David - yes, I agree. My ratings tend to weight literary merit (in my own subjective opinion) heavily - mostly because I'm an insufferable snob - but lit merit, while significant, is only one element of them. That's the "magic" I was referring to.
I'd be comfortable with "mainstream" and "literary" as two poles of an axis. I think Foer is extremely literary (whether or not you consider him pretentious, or even high quality, is a side issue), but he also sells a bundle. He would be an example of literary/commercial and the prime reason I was resisting the latter term as one end of the pole.
I'm not sure how strongly I hold that opinion though, so feel free to challenge it.
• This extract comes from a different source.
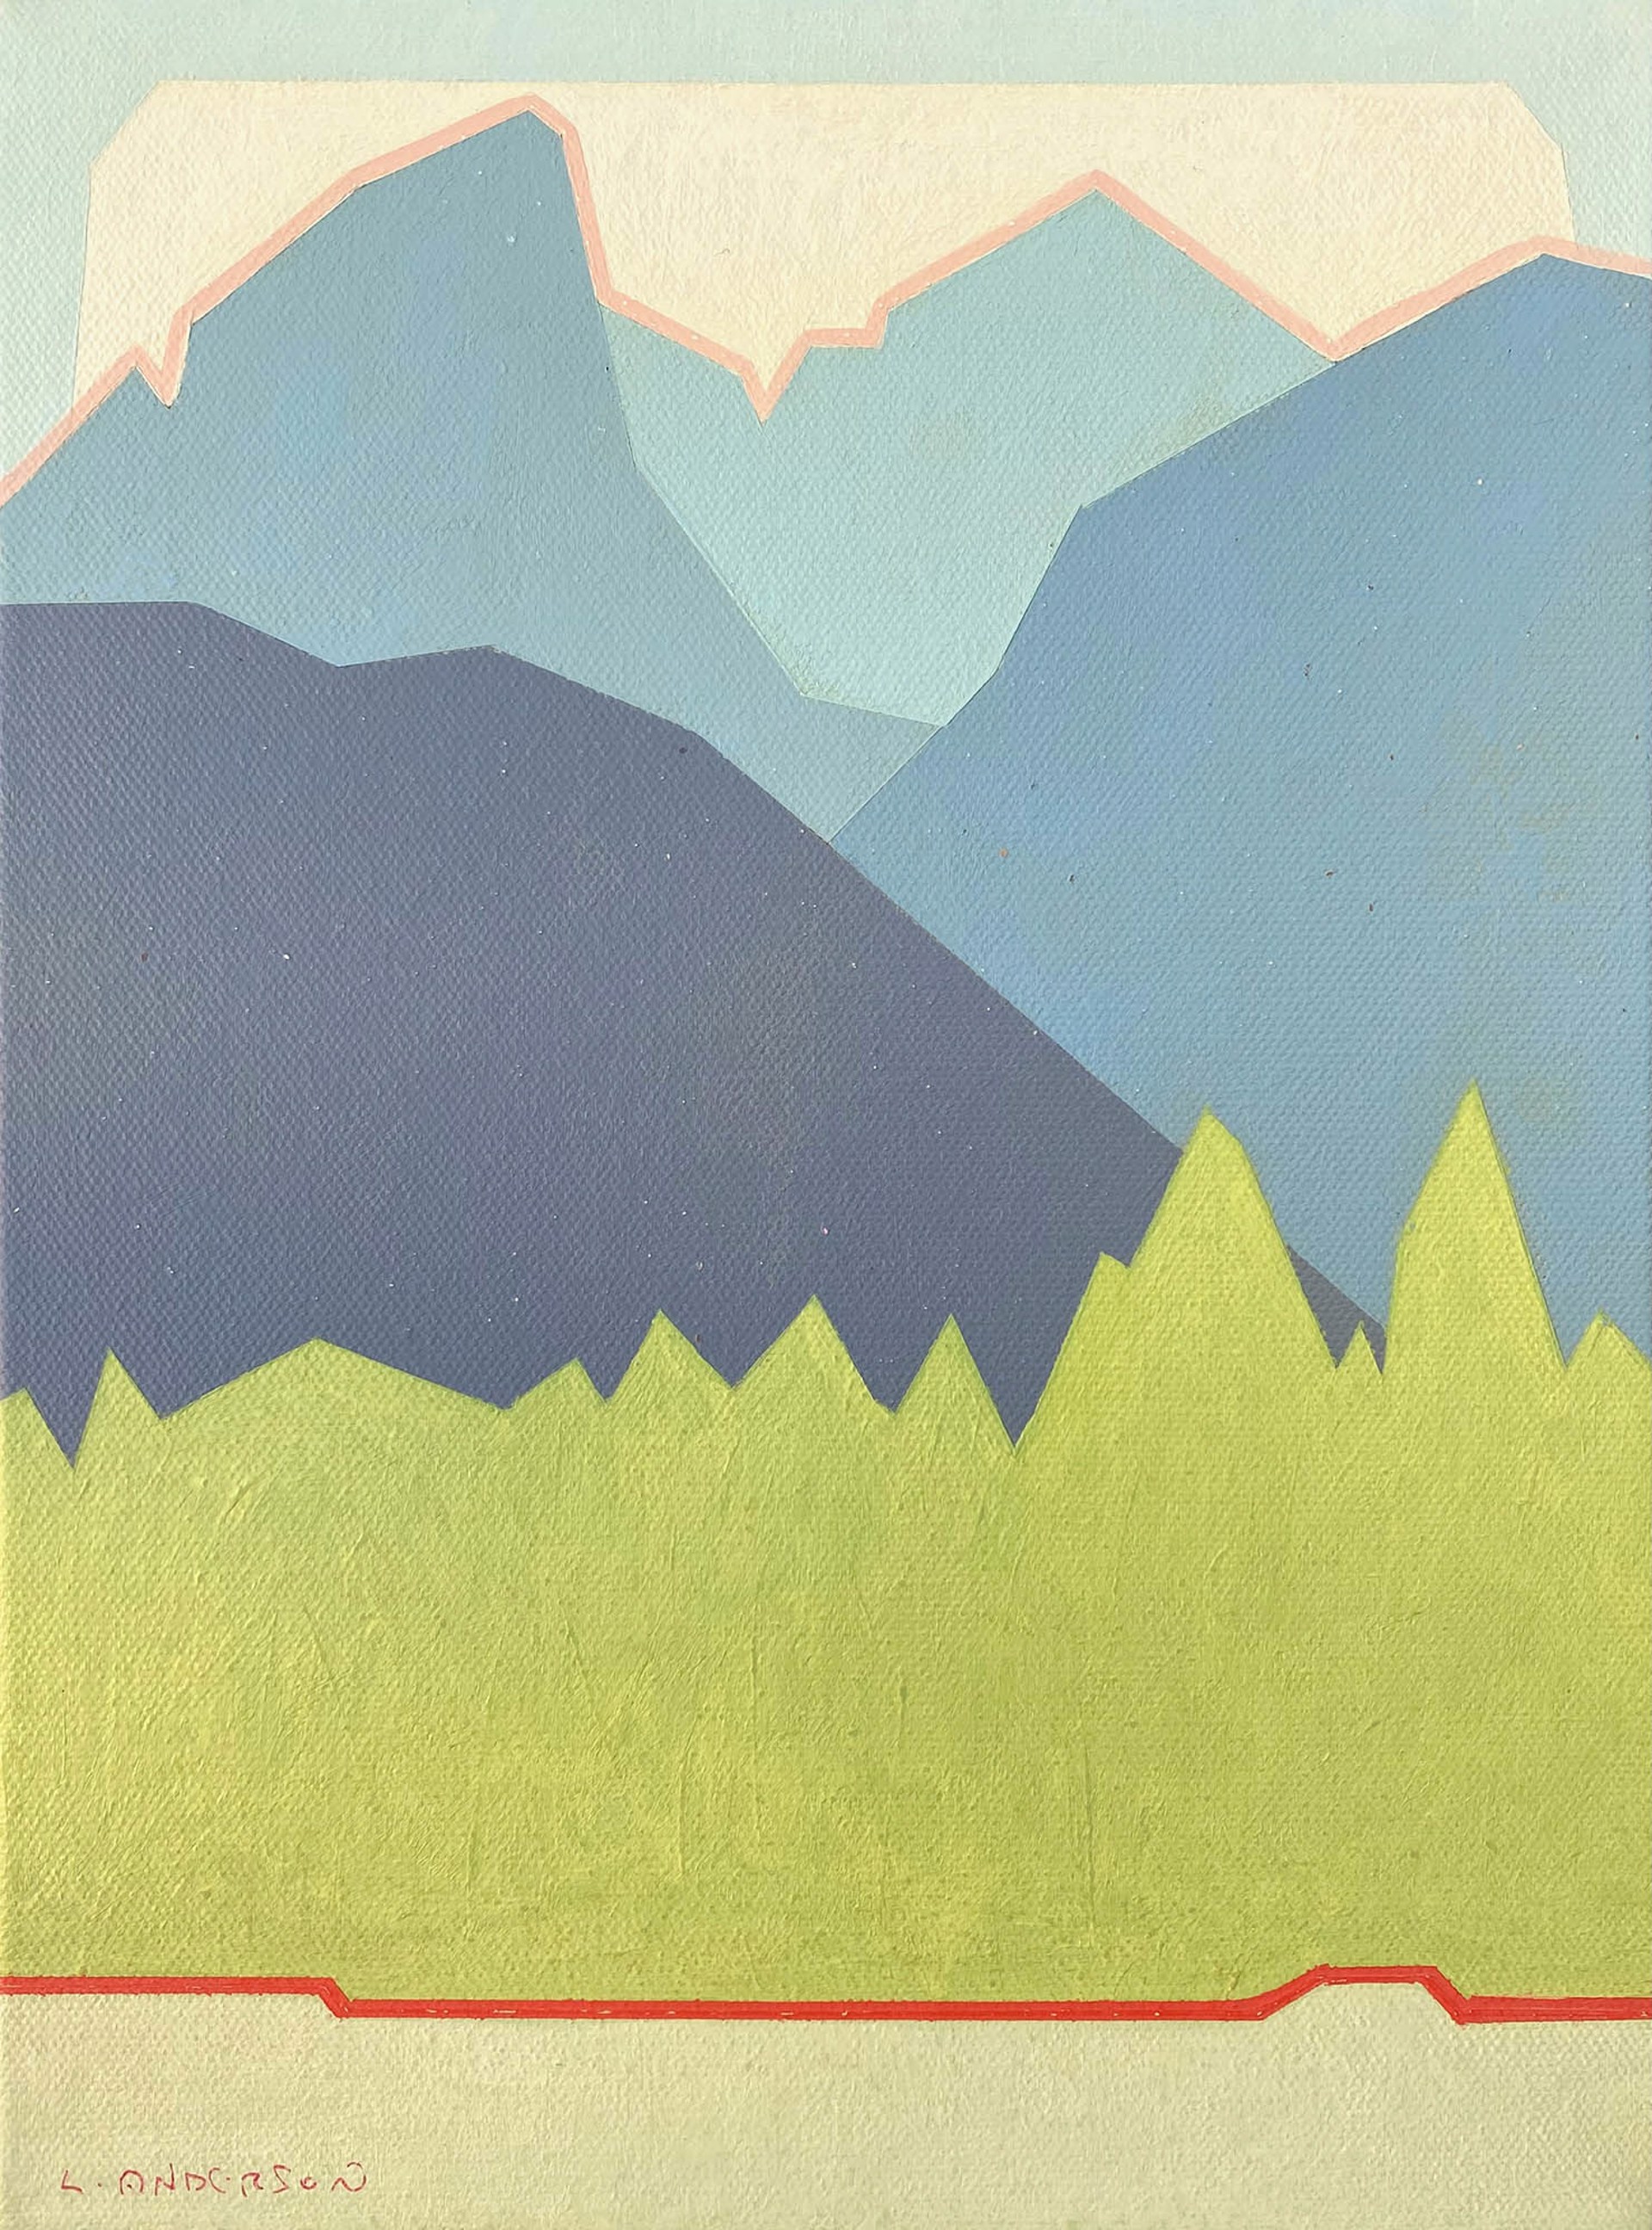 Original Acrylic Painting By Luke Anderson Featuring The Teton Mountain Range In Graphic Style

i don't disagree. Foer manages to create literary artifacts that also have had a broad appeal, although i still wouldn't call it "mainstream" success. He's not a household name and he's definitely not targeting his work at a particular audience. I believe his most recent novel take someone else's novel and cuts it into pieces...a remix, essentially. Sounds pretty artsy to me. But various books could fall anywhere on that continuum and some might be toward the middle - depending on the readers degree of snobitude, shall we say?
Words may be "so 2010" but I'd hazard to say that most of us on here are "word people". This review was less than helpful.
Well, at least it gave me the opportunity to add the books about Oskar and Christopher to my TR list!